Secretary of Defense Ash Carter, joined by Chairman of the Joint Chiefs of Staff Marine Corps Gen. Joseph Dunford, told reporters during a Monday briefing at the Pentagon that the U.S. is building an entire inventory of tools to use against ISIS on the digital battlefield. The goal, according to Carter, is to confuse and demoralize ISIS forces by destroying their ability to command and control units on the battlefield and to sever their abilities to utilize the internet to garner support.
“We are trying to both physically and virtually isolate ISIL. Limit their ability to conduct command and control, limit their ability to communicate with each other and limit their ability to conduct operations locally and tactically,” said Dunford.
Neither Carter nor Dunford could elaborate on what the cyber weapons are “because the methods we are using are new, some of them will be surprising, and some of them are applicable to other challenges other than ISIL.” He did, however, note that efforts on the cyber front are having positive results.
The cyber operation against ISIS entered a new phase last month when Carter authorized the first ever cyber assault by U.S. Cyber Command (CYBERCOM), according to a report by Los Angeles Times. The cyber attacks were key to the coalition operation to retake the Syrian town of Shadadi from ISIS last week by disabling the terrorist group’s ability to communicate during the battle.
“These are strikes that are conducted in the war zone using cyber, essentially as a weapon of war,” said Carter during an interview on National Public Radio Sunday, “just as we drop bombs, we’re dropping cyber bombs.” Both Carter and Dunford made it clear that the U.S. intends on expanding cyber capabilities as much as anything else in the fight against ISIS.

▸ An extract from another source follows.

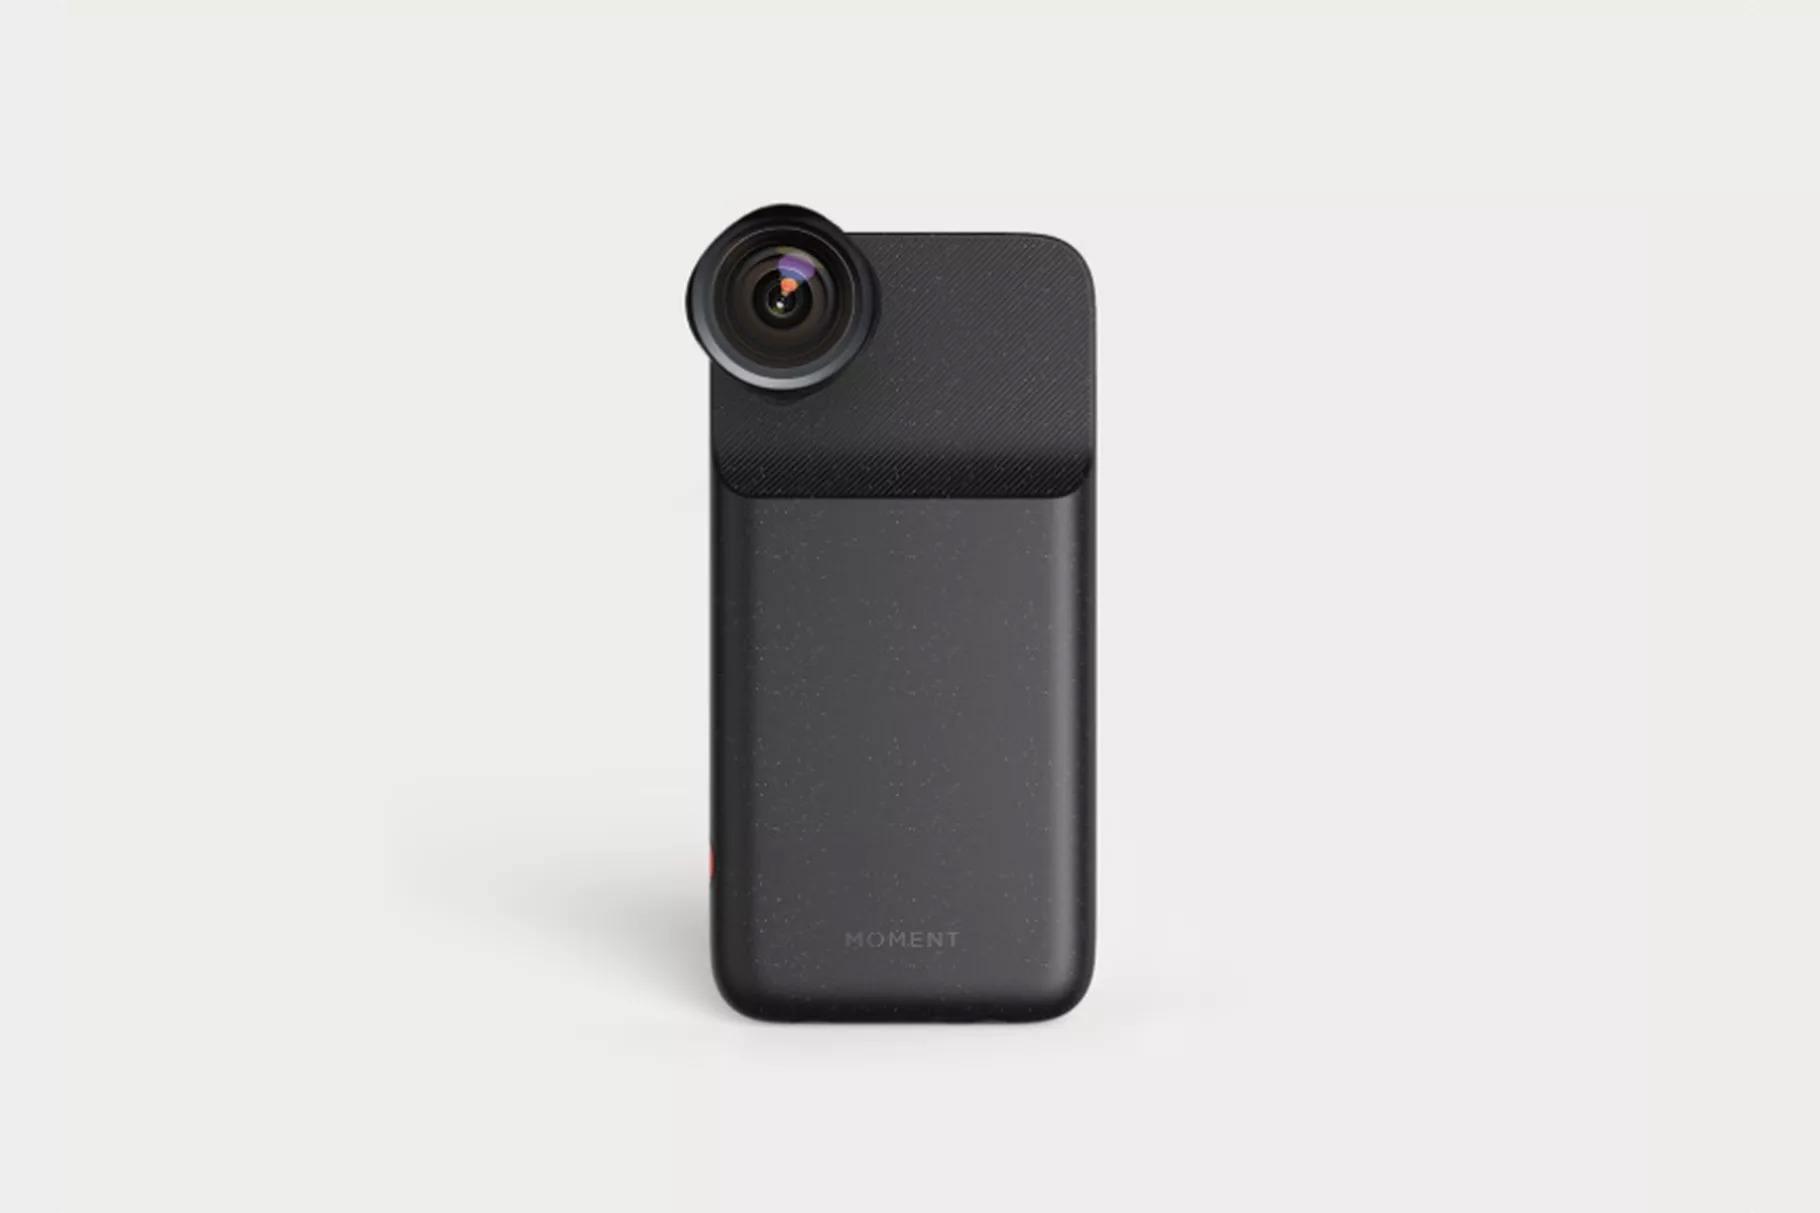 Moment'ın iPhone X'a özel pilli kılıfı çıktı

The acknowledgement of the cyber operation against ISIS is an unprecedented move from the Pentagon. “Dunford and Carter are making clear that the U.S. military can and is carrying out offensive cyber-operations,” said Peter Singer, a senior fellow at the New America think-tank and a cyber weapons expert, to the Wall Street Journal, “everyone knew we could do it, and this is the first public acknowledgment that we are doing it. It’s a big line to cross.”